Repository files navigation

podcommentators

podcommentators is a browser-based AI commentary companion for live audio and video. It can listen to your microphone, camera, screen share, or a local/remote stream URL, transcribe the audio in real time, and let a configurable cast of AI commentators react live in an overlay.

The app is built with Next.js, React, and TypeScript, and runs fully on the client.
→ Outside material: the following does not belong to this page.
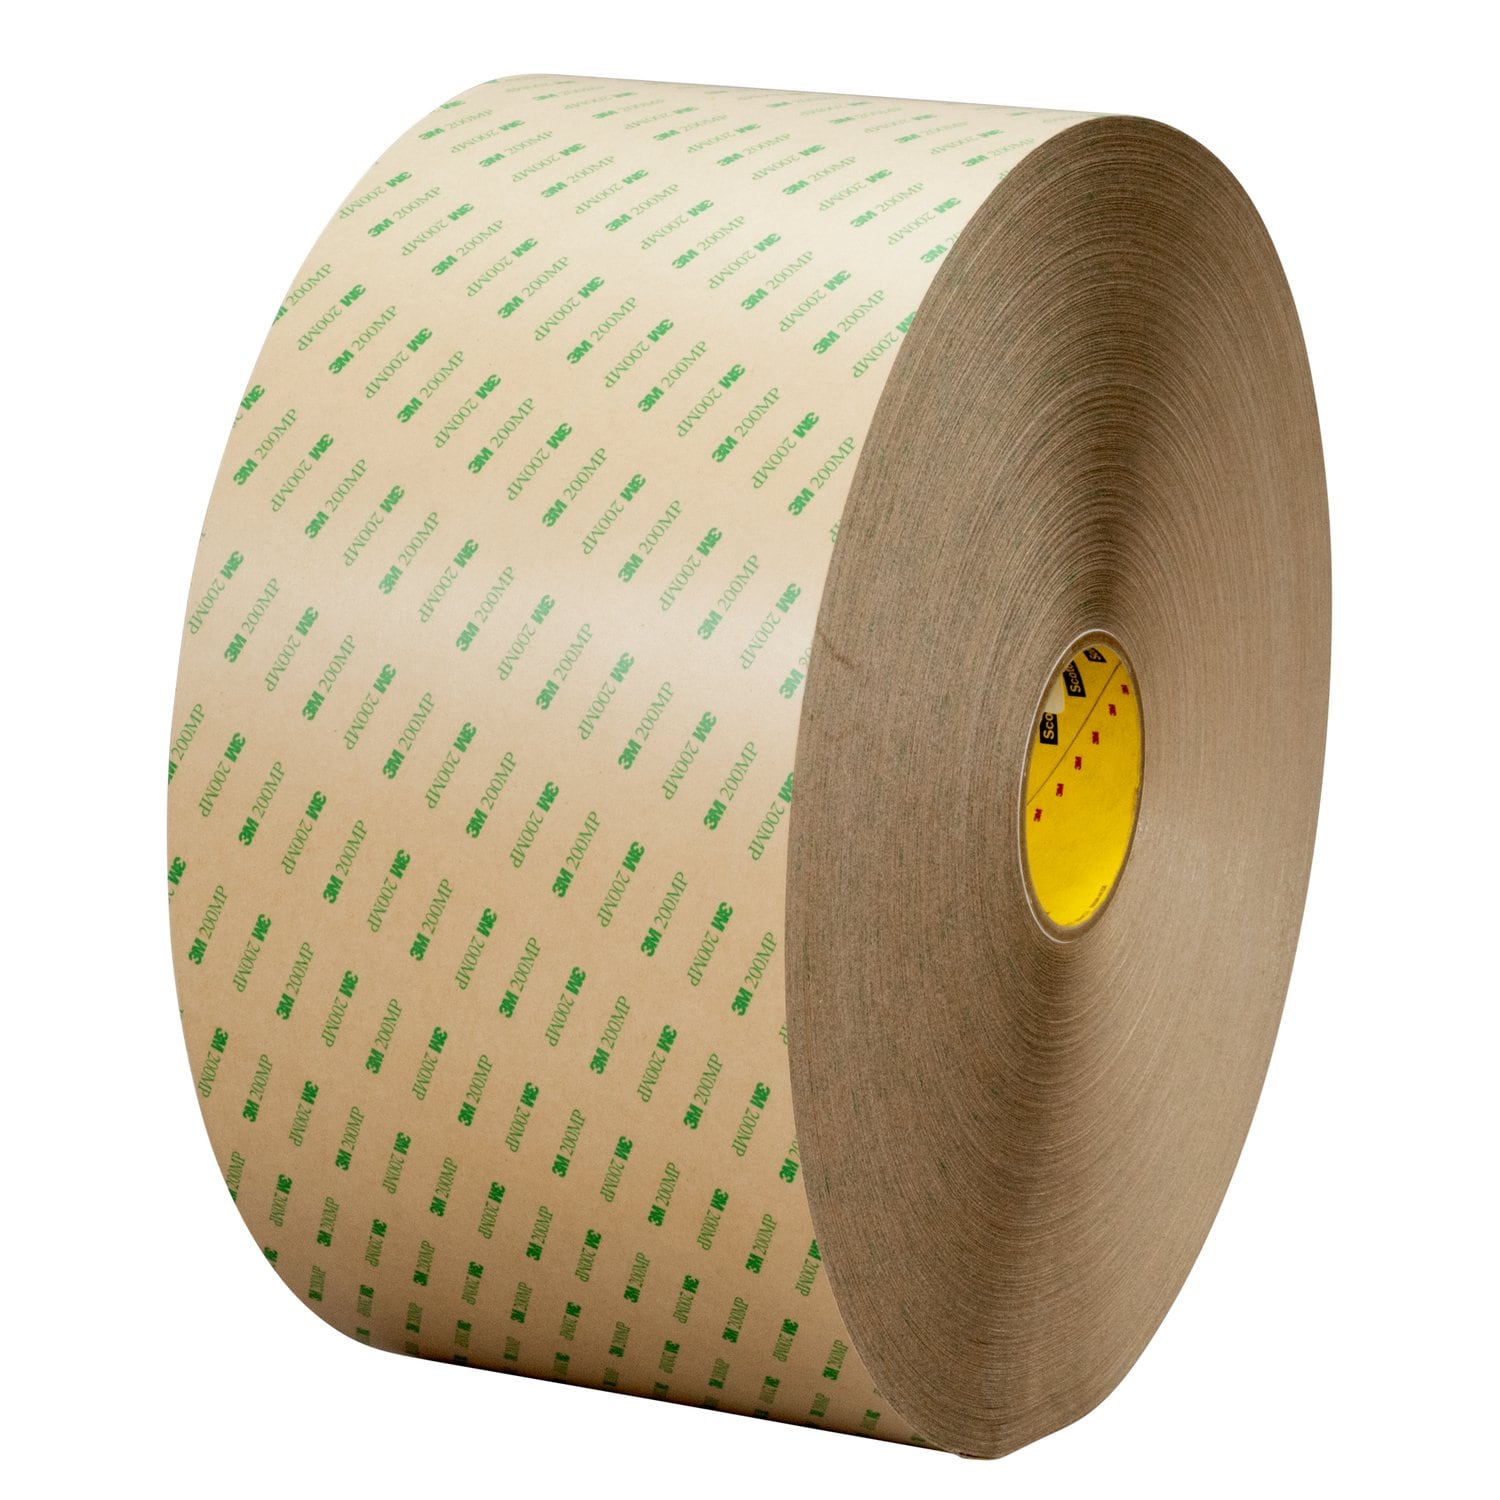 7010334214 - 3M Adhesive Transfer Tape 9668MP, Clear, 18 in x 180 yd, 5 Mil, 1/Case

Your keys and commentator settings are stored in browser localStorage.

What It Does

  • Captures audio from:
    • microphone
    • camera
    • screen share
    • stream URL
  • Shows video for:
    • camera
    • screen share
    • video stream URLs
  • Transcribes live audio with:
    • ElevenLabs Scribe, if configured
    • Gemini audio transcription, if configured
    • Web Speech API fallback for basic mic-only browser support
  • Streams live AI reactions from a configurable set of commentators
  • Supports two viewing modes:
    • Regular: source + transcript only
    • Enhanced: source + transcript + commentator overlay
  • Includes an in-app settings editor for commentator CRUD:
    • create
    • edit
    • duplicate
    • enable/disable
    • delete

Current Status

podcommentators is ready for local use and repo publishing.

Implemented:

  • local Next.js app
  • browser-based settings persistence
  • editable commentators
  • camera, screen, mic, and stream URL input modes
  • focused video view with a header stop button
  • OBS guidance for camera and local HLS workflows
  • saved YouTube ingest settings in the UI

Not yet implemented:

  • direct YouTube live publishing from the browser app itself

Why not: YouTube live publishing uses RTMP/RTMPS ingest, which requires an encoder or relay layer that this app does not currently provide.

Requirements

  • Node.js 18+ recommended
  • npm
  • Chrome or Edge recommended for the best media capture support

Optional accounts and keys:

  • Gemini API key for AI commentary and Gemini transcription
  • ElevenLabs API key for higher-quality transcription

Quick Start

git clone https://github.com/YOUR_USERNAME/podcommentators.git
cd podcommentators
npm install
npm run dev

Then open:

First Run Setup

  1. Open the app in your browser.
  2. Click Settings.
  3. Add your API keys:
    • Gemini API key
    • ElevenLabs API key, optional
  4. Save settings.
  5. Choose a source and start listening.

Source Modes

Mic

Use your microphone or a virtual audio device as the input source.

Best for:

  • quick testing
  • podcasts routed into a virtual input
  • voice-only sessions

Camera

Uses getUserMedia() for live video plus audio capture.

Best for:

  • webcam sessions
  • OBS Virtual Camera workflows

Notes:

  • the camera feed becomes the main video view
  • when video is visible, the app switches to focused video mode
  • click the header Stop button to return to the source/transcript screen

Screen

Uses getDisplayMedia() for screen video and optional system audio, then mixes mic audio in separately.

Best for:

  • presenting a browser tab or app window
  • reacting to livestreams or desktop content
  • capturing screen video in the main preview

Notes:

  • for tab or system audio, the browser share dialog must include the audio-sharing option
  • Firefox support for system audio is limited

Stream URL

Loads a direct media URL and can show video if the URL points to a supported video stream or file.

Typical examples:

  • .m3u8
  • .mp4
  • .webm
  • .mov

Focused Video Mode

When video is active through:

  • camera
  • screen share
  • video stream URL

podcommentators hides:

  • the source panel
  • the transcript panel

And shows:

  • the video preview
  • the commentator overlay in Enhanced mode
  • a Stop button in the top header

Clicking Stop returns the app to the source/transcript screen.

Regular vs Enhanced

Regular

  • source controls visible
  • transcript visible
  • commentators hidden

Enhanced

  • source controls visible when not in focused video mode
  • transcript visible when not in focused video mode
  • commentator overlay enabled

AI Commentators

Commentators are fully editable from Settings.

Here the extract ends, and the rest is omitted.